**PROBLEM DETAILS:** Set the listing down exactly; no pictures.

**MATERIAL PROVIDED:**
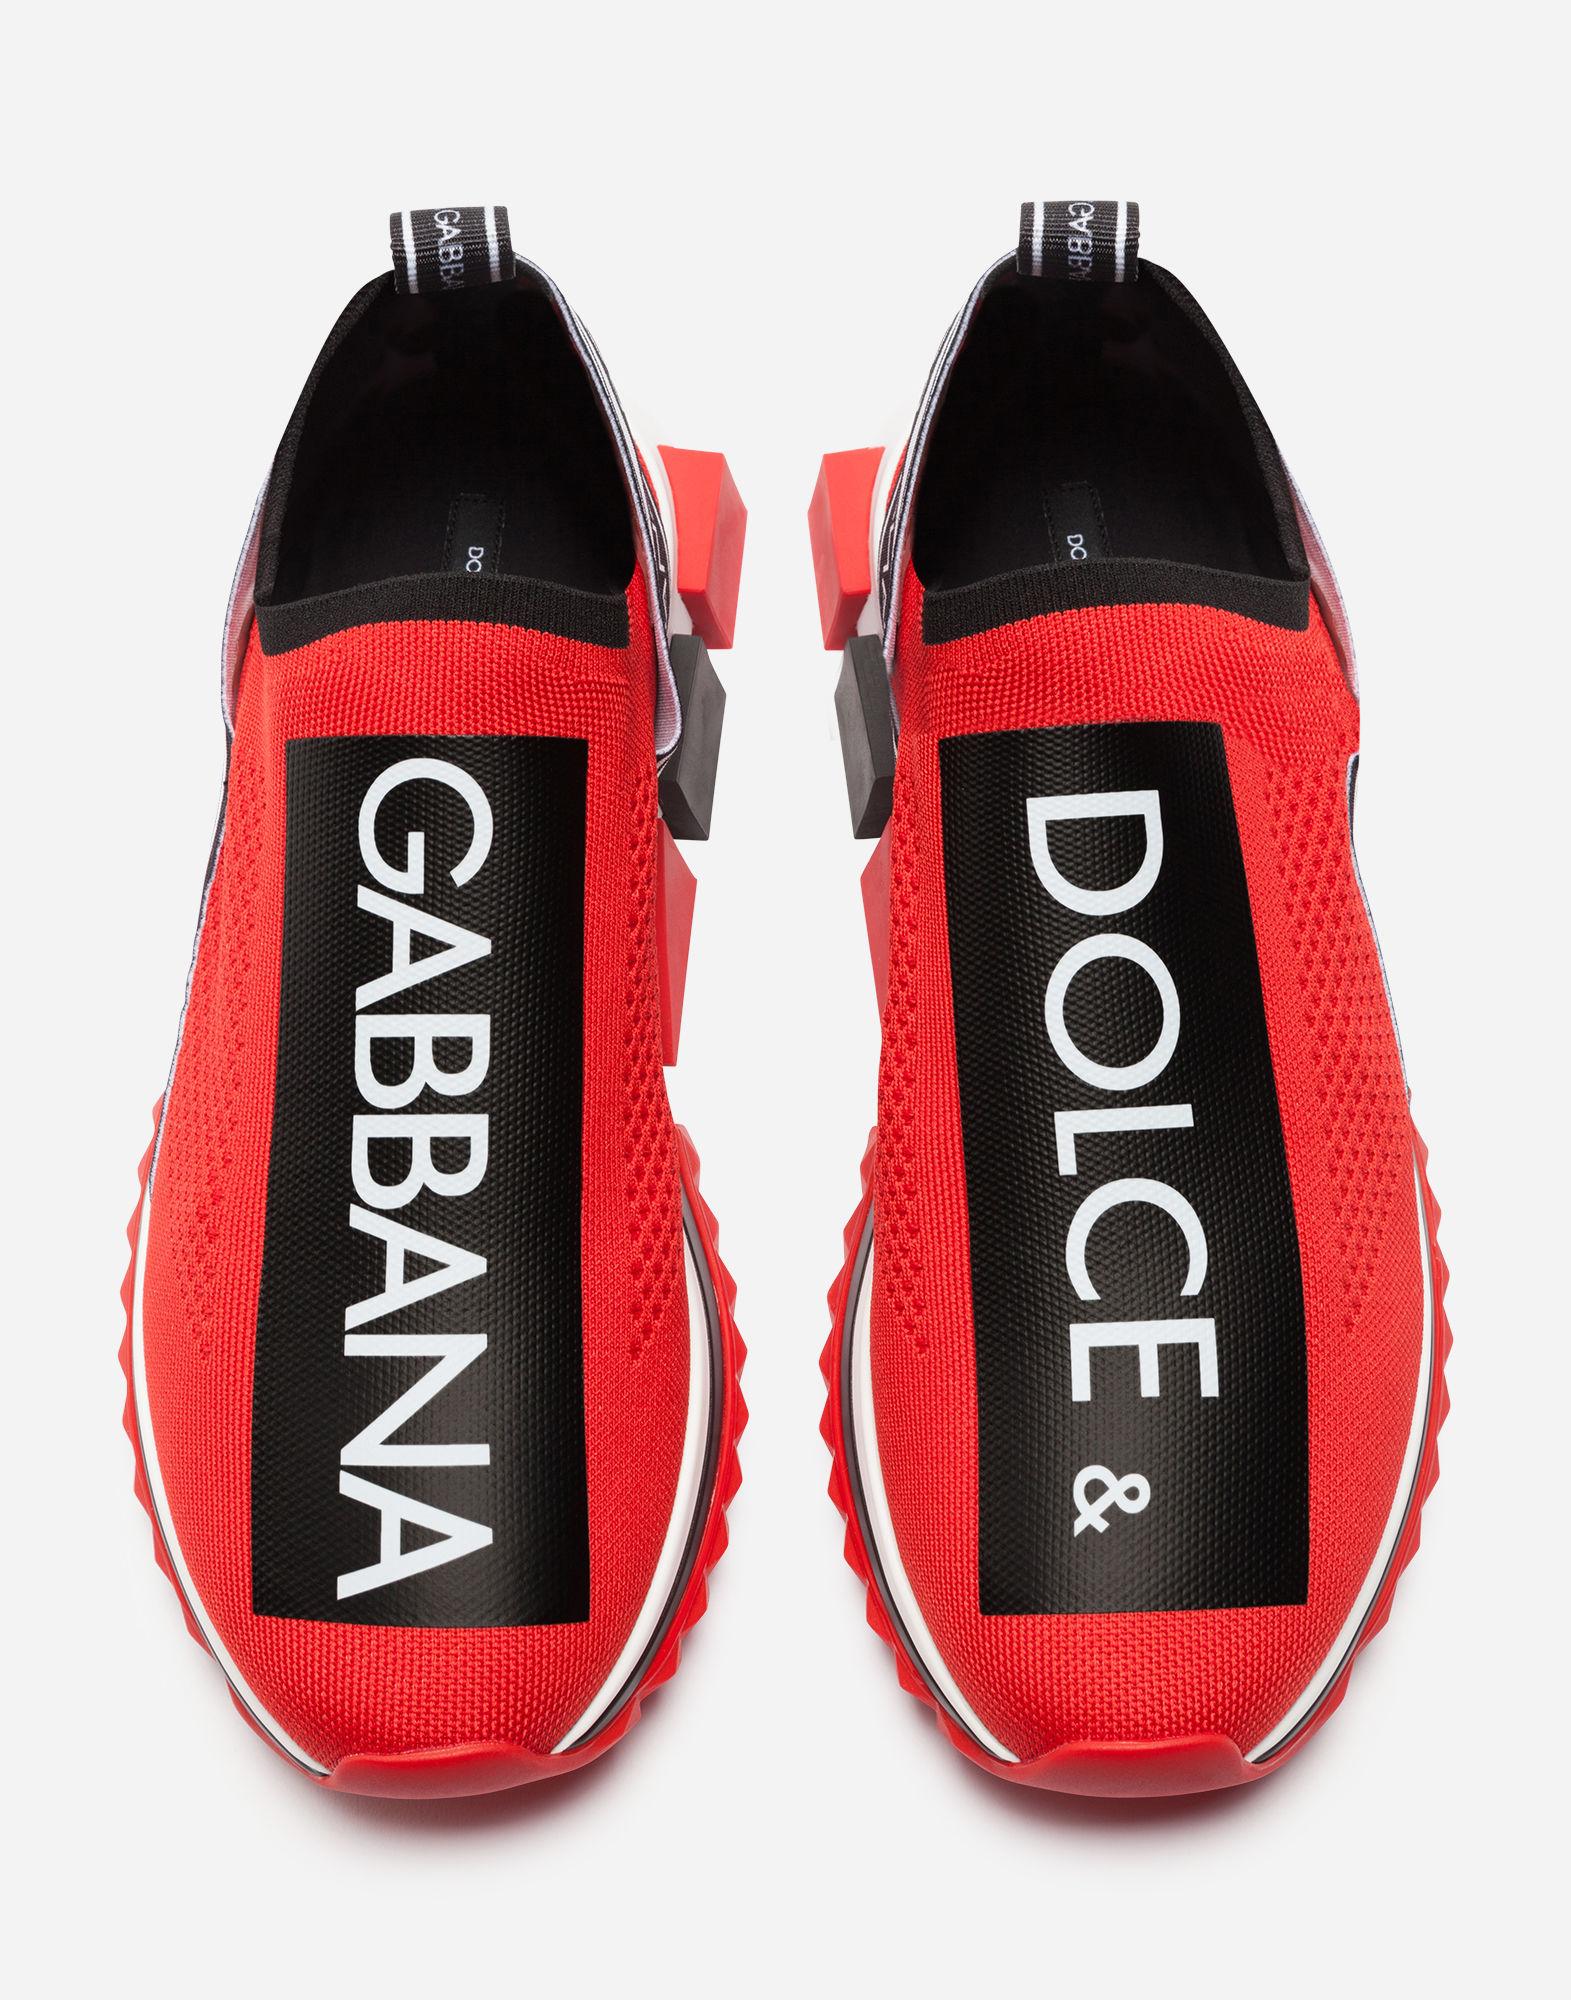 Dolce & Gabbana Synthetic Sorrento Bassa Maglina Tech Knit Sneakers in
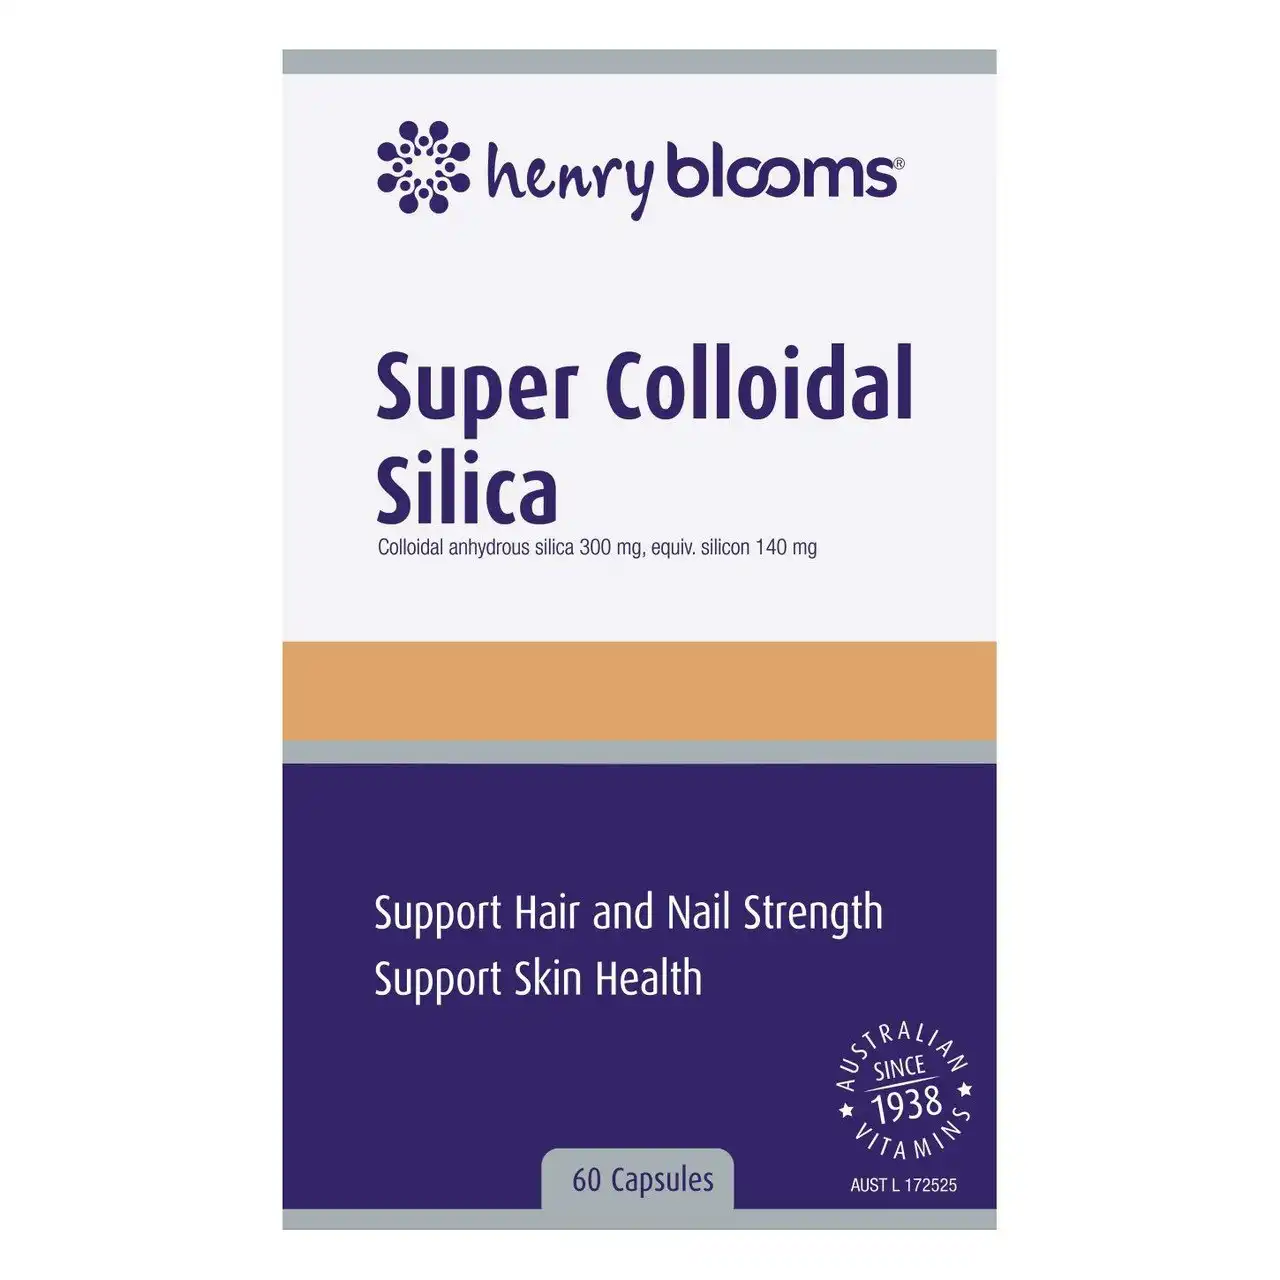 Henry Blooms Super Colloidal Silica Capsules 60
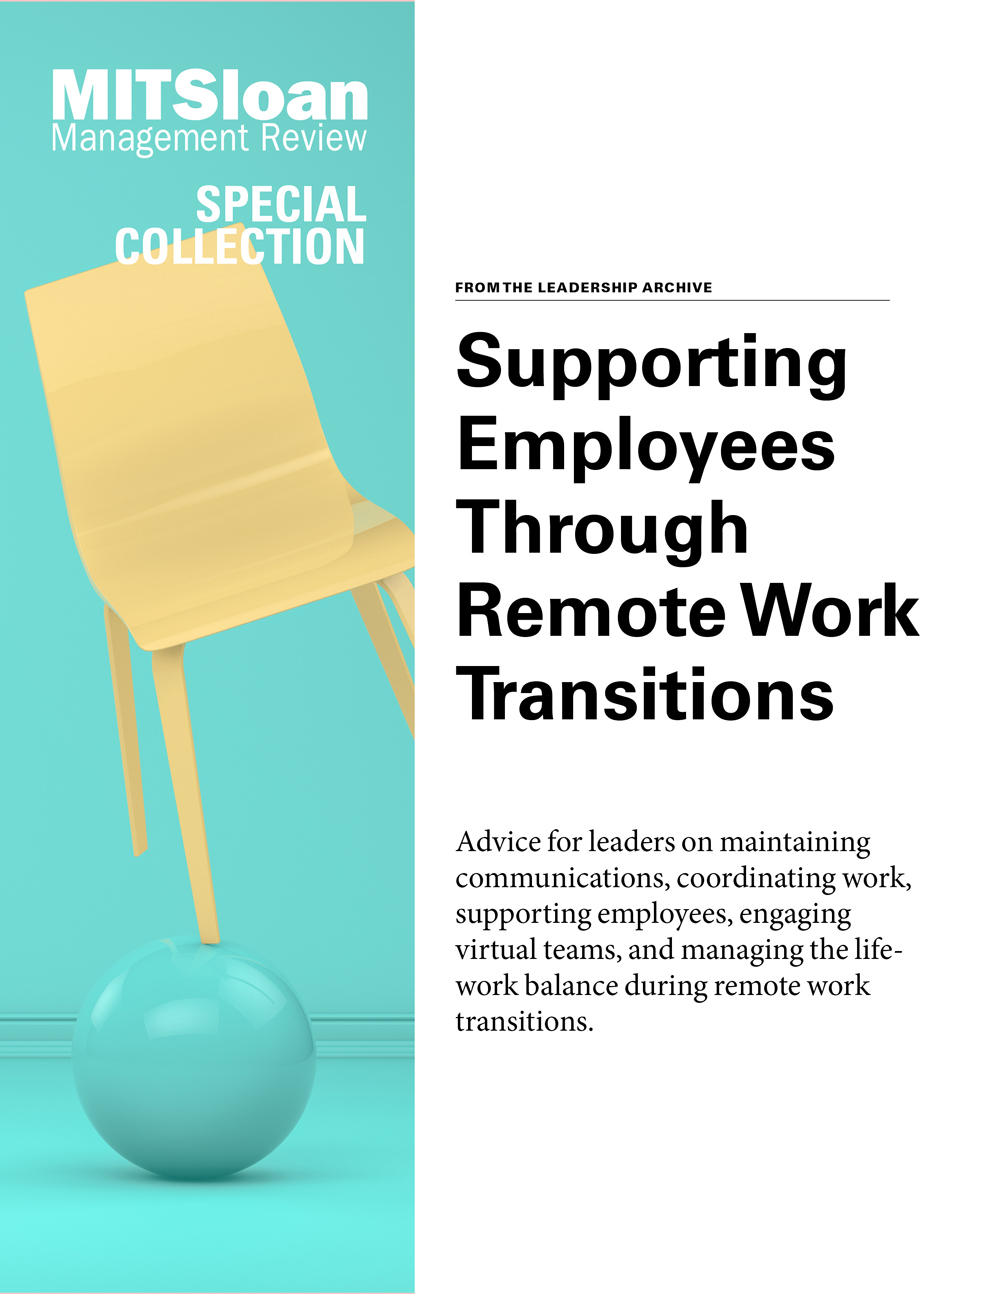 Supporting Employees Through Remote Work Transitions - MIT SMR Store

**RESPONSE AREA:**
 Dolce & Gabbana Synthetic Sorrento Bassa Maglina Tech Knit Sneakers in
 Henry Blooms Super Colloidal Silica Capsules 60
 Supporting Employees Through Remote Work Transitions - MIT SMR Store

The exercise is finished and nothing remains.